(Given material begins)

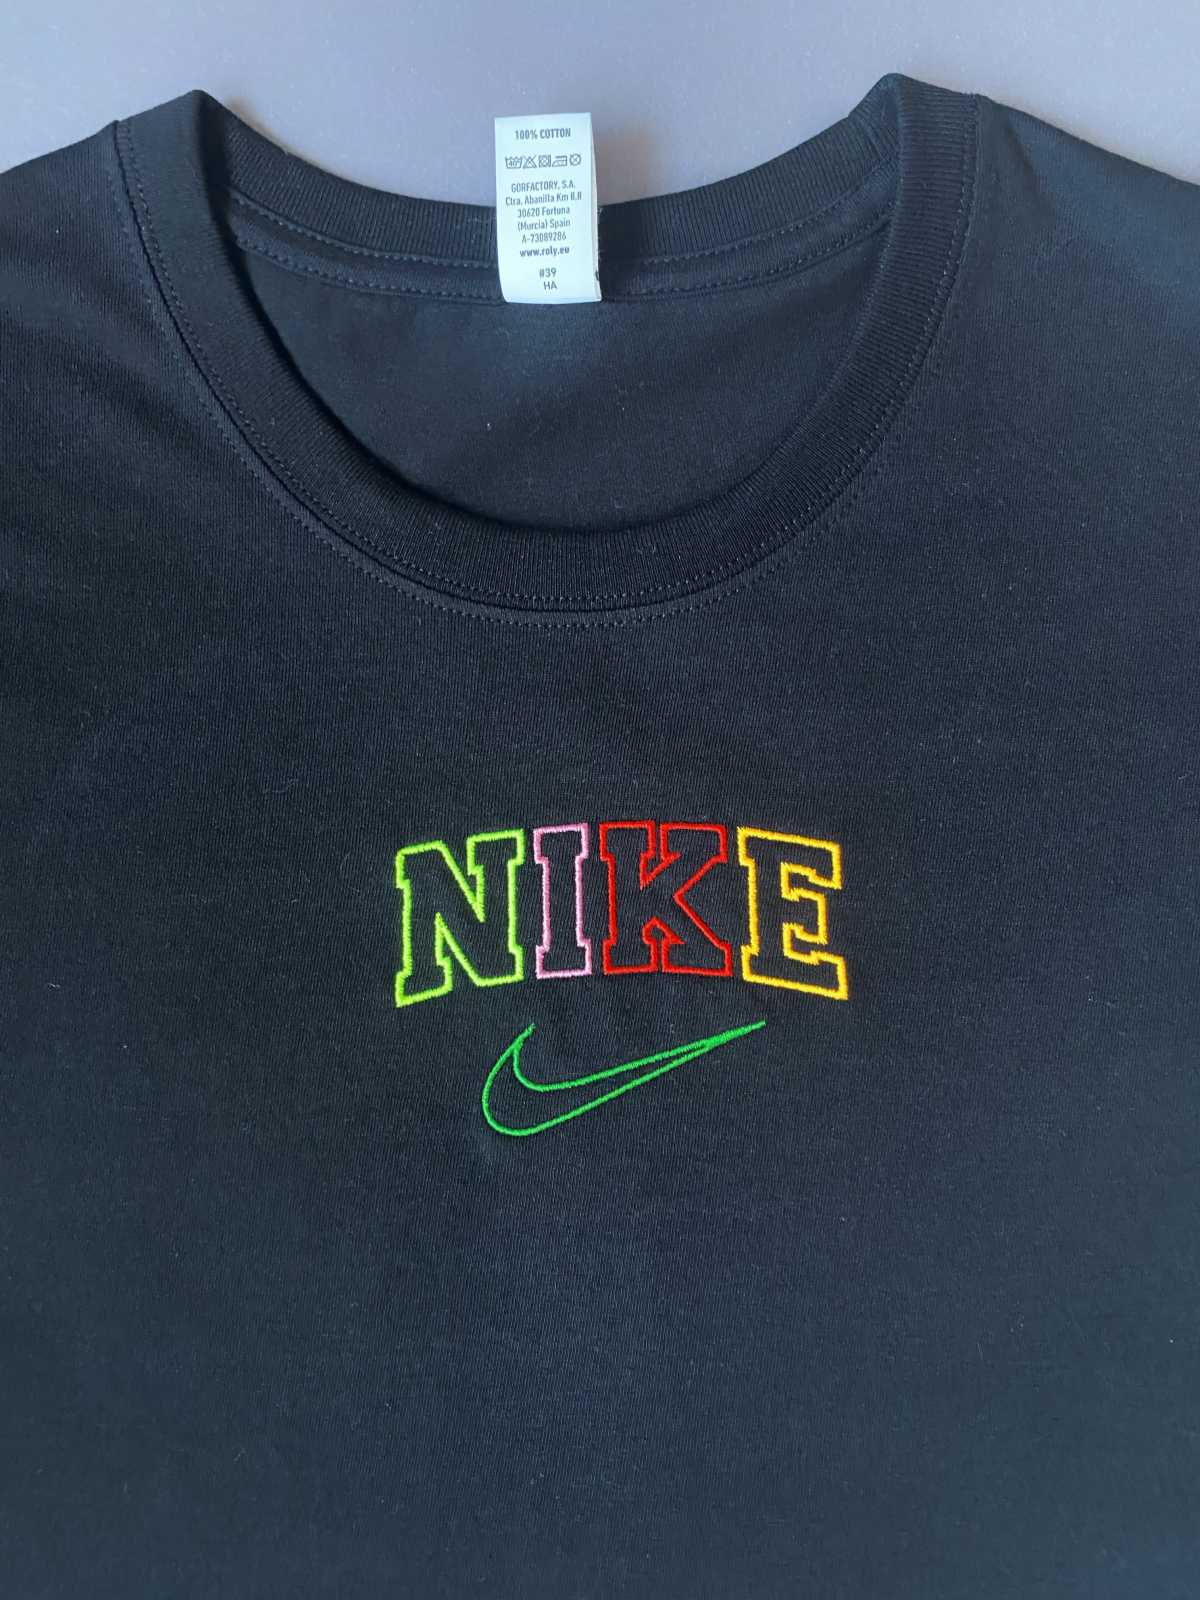 Nike.jpeg
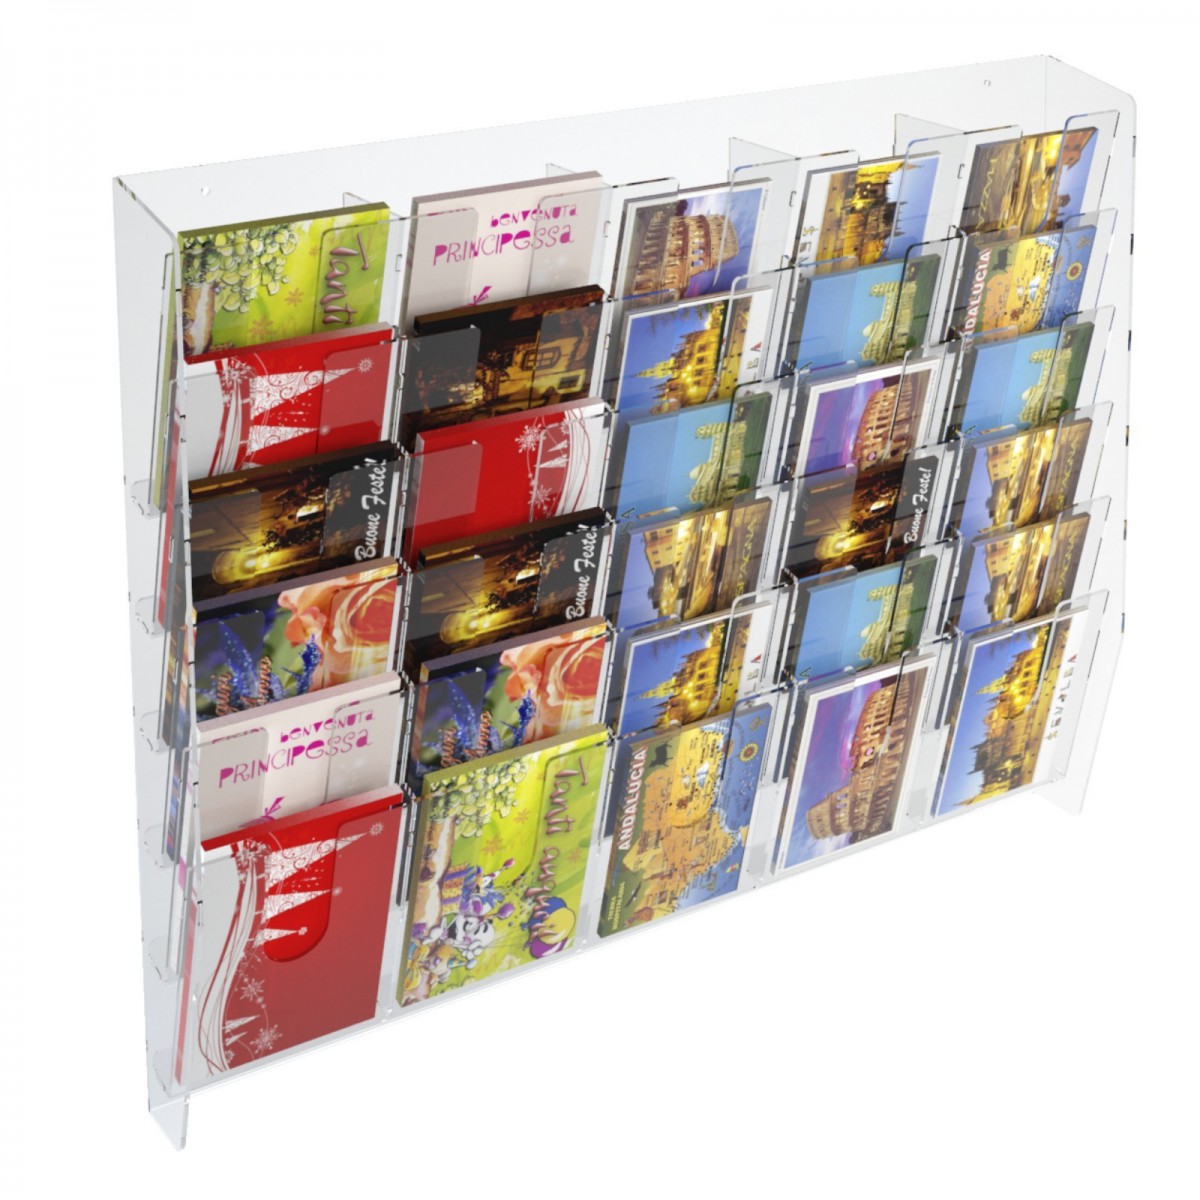 E-399 EPC-E - Espositore porta cartoline da parete in plexiglass trasparente a 30 tasche
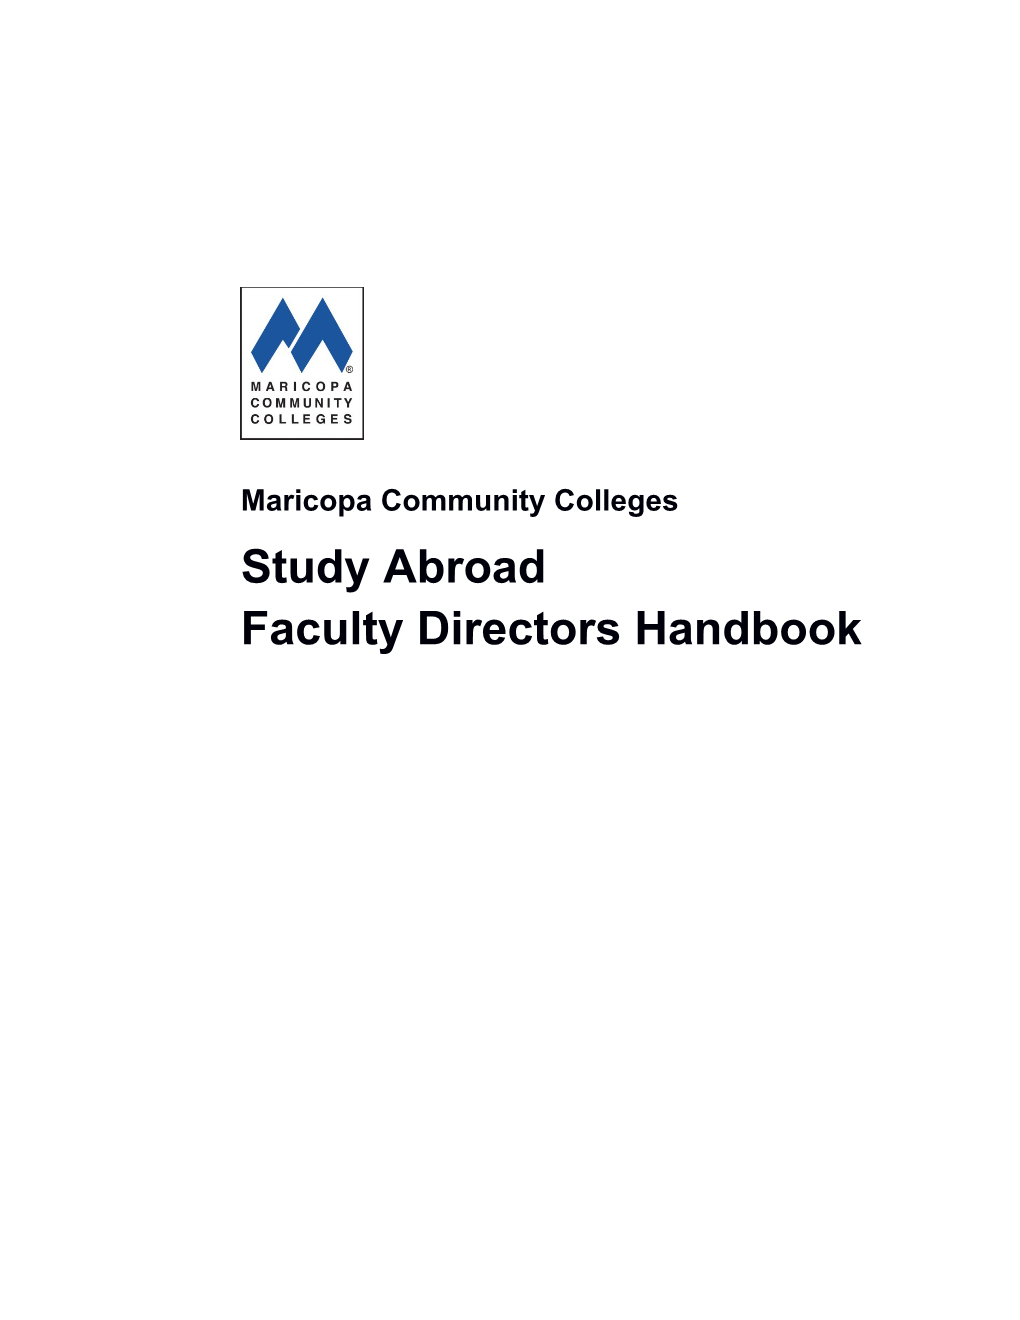 Study Abroad Faculty Directors Handbook
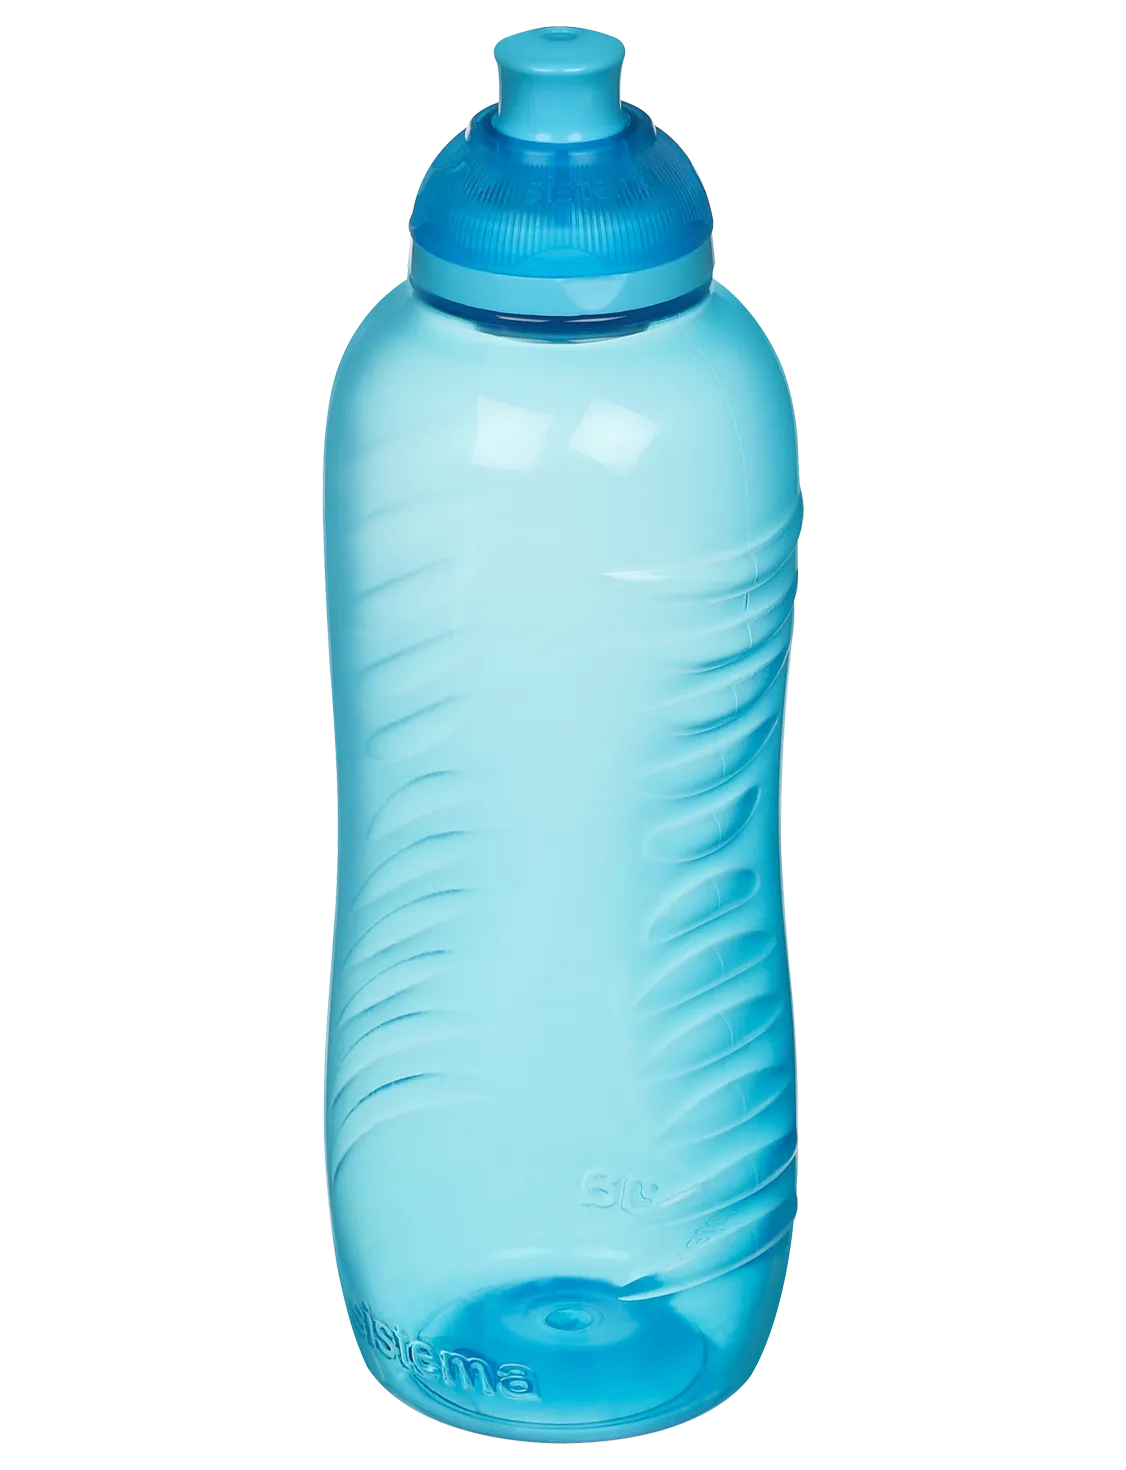 בקבוק משקה בנפח 460 מ"ל - סיסטמה Sistema

(Given material ends)

● What this task involves:
Retype the listing exactly. Skip every picture.

● Response:
 Nike.jpeg
 E-399 EPC-E - Espositore porta cartoline da parete in plexiglass trasparente a 30 tasche
 Study Abroad Faculty Directors Handbook
 בקבוק משקה בנפח 460 מ"ל - סיסטמה Sistema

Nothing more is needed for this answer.